10 августа: «Дела мои двигаются. Упорно работаю. Между прочим, лежу в психобольнице. Но это наплевать, все равно работаю. Настроение у меня очень хорошее, и на все можно мне наплевать, потому что голова моя занята только книгой.

Итак, что же сегодня дальше… Разговор о матери? - «У тебя есть мама?» - «Нет». - «Она умерла?» - «Нет». Дальше Натка не опрашивает и поэтому правды не узнает».

После этого пометил: «Доверчиво ИЗМЕНА (в большом глубоком смысле)».

«День опять солнечный. Падают первые листья. Много работаю и гуляю для отдыха в тихом, заросшем травой саду. Норма у меня - в день шесть страниц, но иногда даю встречный и делаю семь. В общем, книга будет написана. Сегодня 15 августа. Вспомнил прошлый год, это время. Я жил в Крыму и заканчивал «Дальние страны».

17 августа. «Сегодня в первый раз не выполнил нормы, то есть не написал шести страниц. Но зато у меня есть несколько страниц в запасе, это те, что я писал сверх нормы, - отчитывался он перед самим собой. - Кроме того, сегодня я разрабатывал наметку… и вся повесть лежит теперь передо мной как на ладони.

Стоят теплые, солнечные дни. Может быть, оттого, что именно в эти дни - ровно год назад - я был в Крыму, мне легко писать эту теплую и хорошую повесть. Но никто не знает, как мне до боли жаль, что он (Алька) в конце концов погибнет. И я ничего не могу изменить. Я могу только сделать, если это в моих силах, чтобы оставить крепкую память и горячую любовь к этому маленькому и Верному Человеку».

Работа двигалась стремительно. В дневниковой тетради продолжал еще разрабатывать план, а в новую заносил уже текст.

18 августа. «Солнце. Пишу быстро и уверенно.
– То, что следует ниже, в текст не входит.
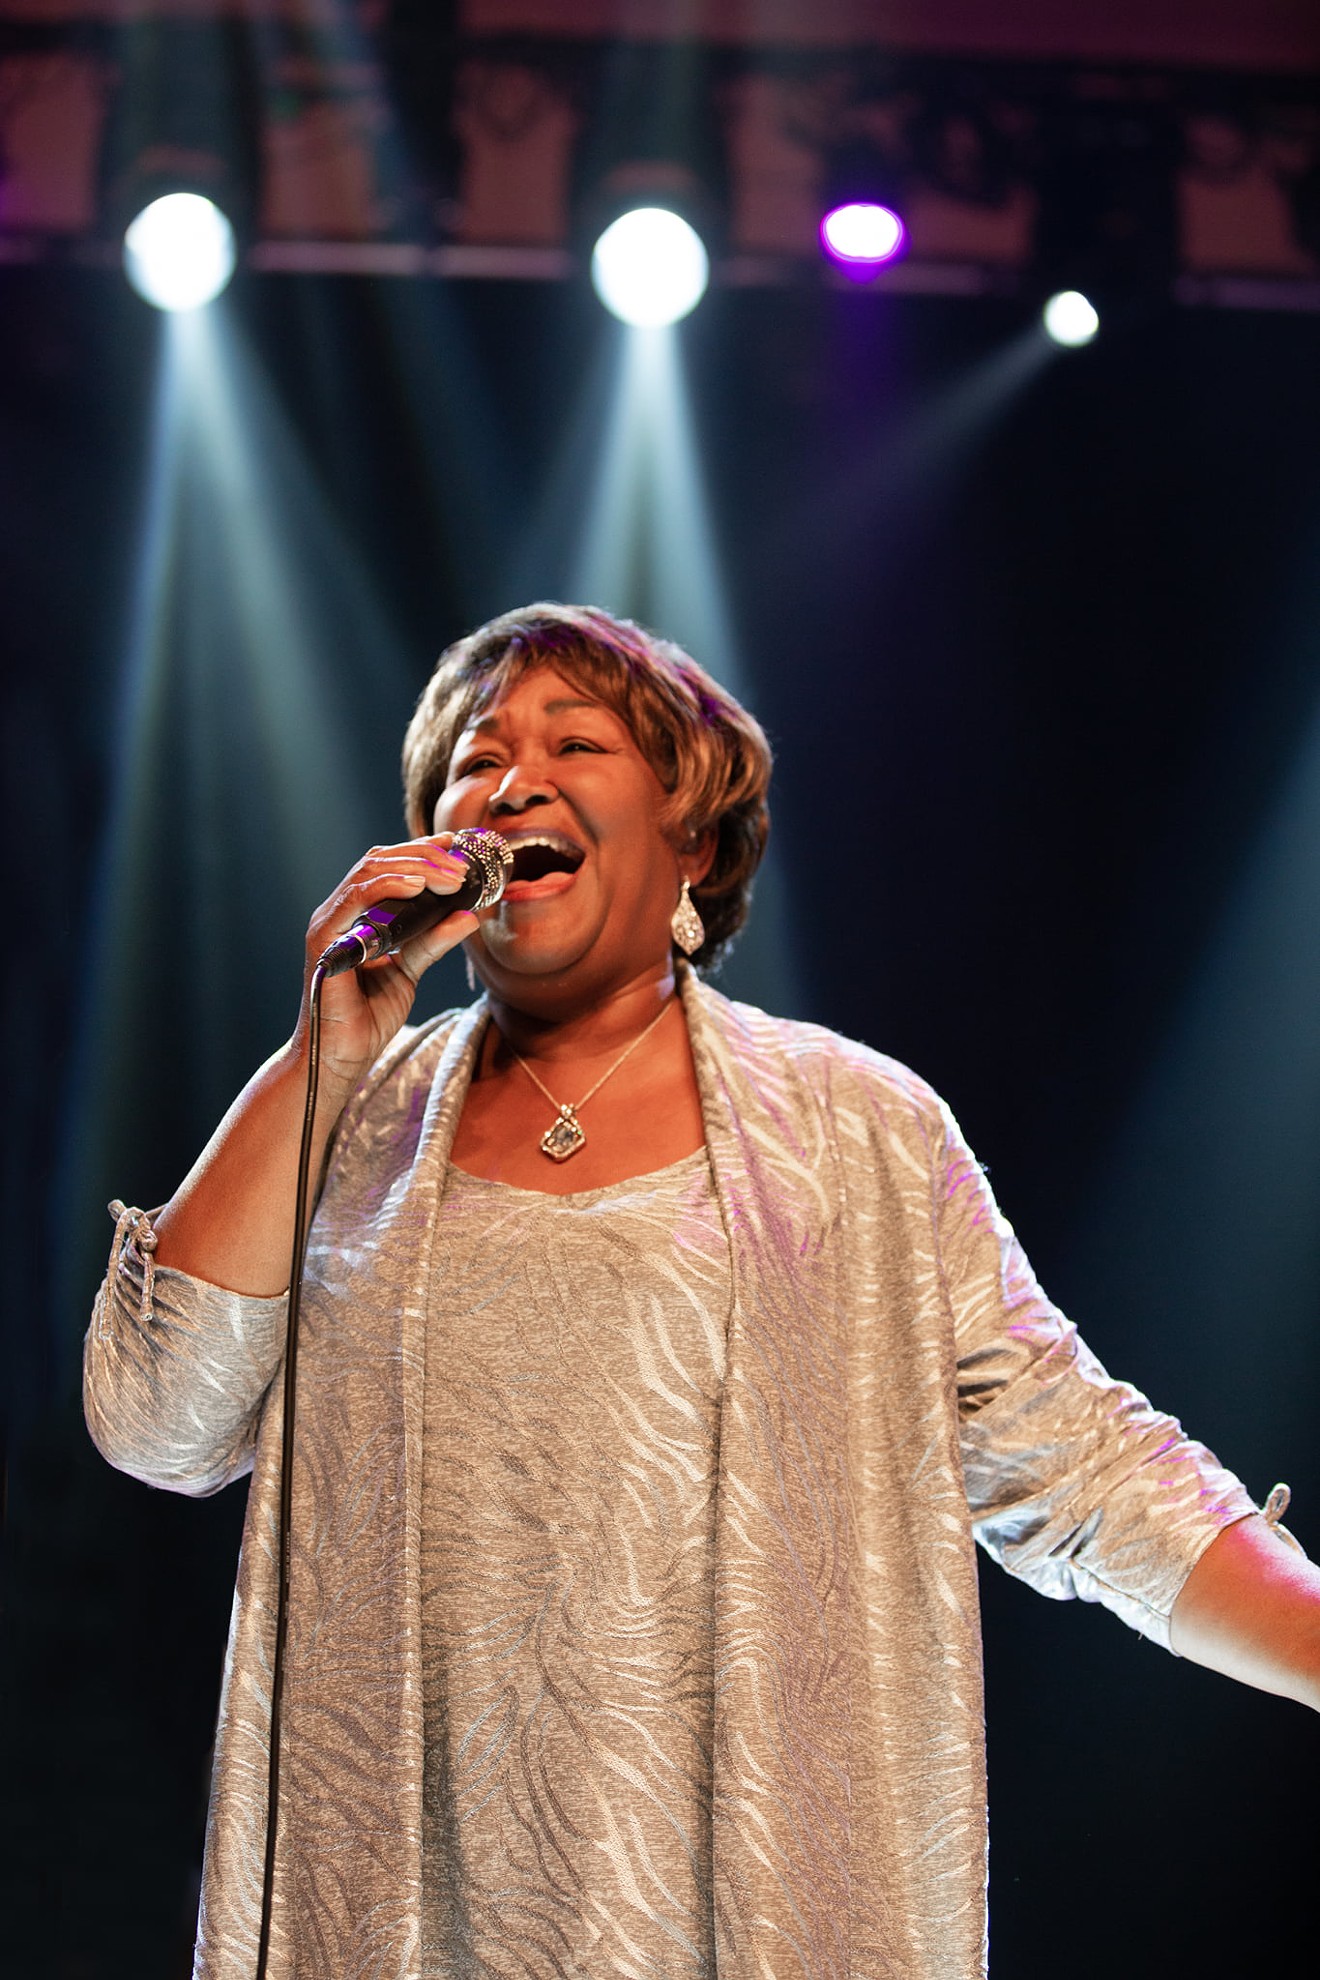 Hazel Miller and her seven-piece band, the Collective, will perform a free show on Sunday, June 19.

Удивляет молчание «Молодой гвардии». Впрочем, и на это мне пока наплевать… Сейчас главное - это писать.

Как я сейчас живу:

Весь в книге - весь около тени - Марицы Маргулис, около Альки и Натки. И страшные, бессмысленные рожи больных мне невидимы или безразличны.

Иногда подойдет какой-нибудь идиот - хуже всего, если из здоровых, фельдшер или фельдшерица… - Пишете? - Пишу. - Поди, стишки сочиняете? - Нет, не стишки… - А я, знаете, стихи люблю… У нас вот тоже один больной лежал, все пишет и пишет…

Очень хочется часто крикнуть: идите к чертовой матери! Но сдержишься. А то переведут еще вниз, в третье буйное, а там много не напишешь…»

Из персонала подружился с доктором Харченко (который подарил ему чистую тетрадь) и с фельдшером.

Мухиным, человеком деликатным и начитанным. Мухин однажды, как об очень постыдном, признался, что он… любитель-садовод.

Оказалось, что в Хабаровске таких несколько человек. Им удалось вывести устойчивые сорта фруктов, которых край совсем не видит. Это ему показалось столь диковинным, что он спросил: «Иван Степанович, а можно посмотреть ваш сад?»

Мухин смутился: «Можно. Только это не сад. Так, палисадничек… Как у всех».

В первый же день, когда позволили выйти в город («А то в этой больнице можно подохнуть с голоду. Дают только хлеб да вареную ячменную крупу»), зашел на Кавказскую улицу к Мухину. Иван Степанович был дома. И повел, пока светло, показывать свой «палисадничек».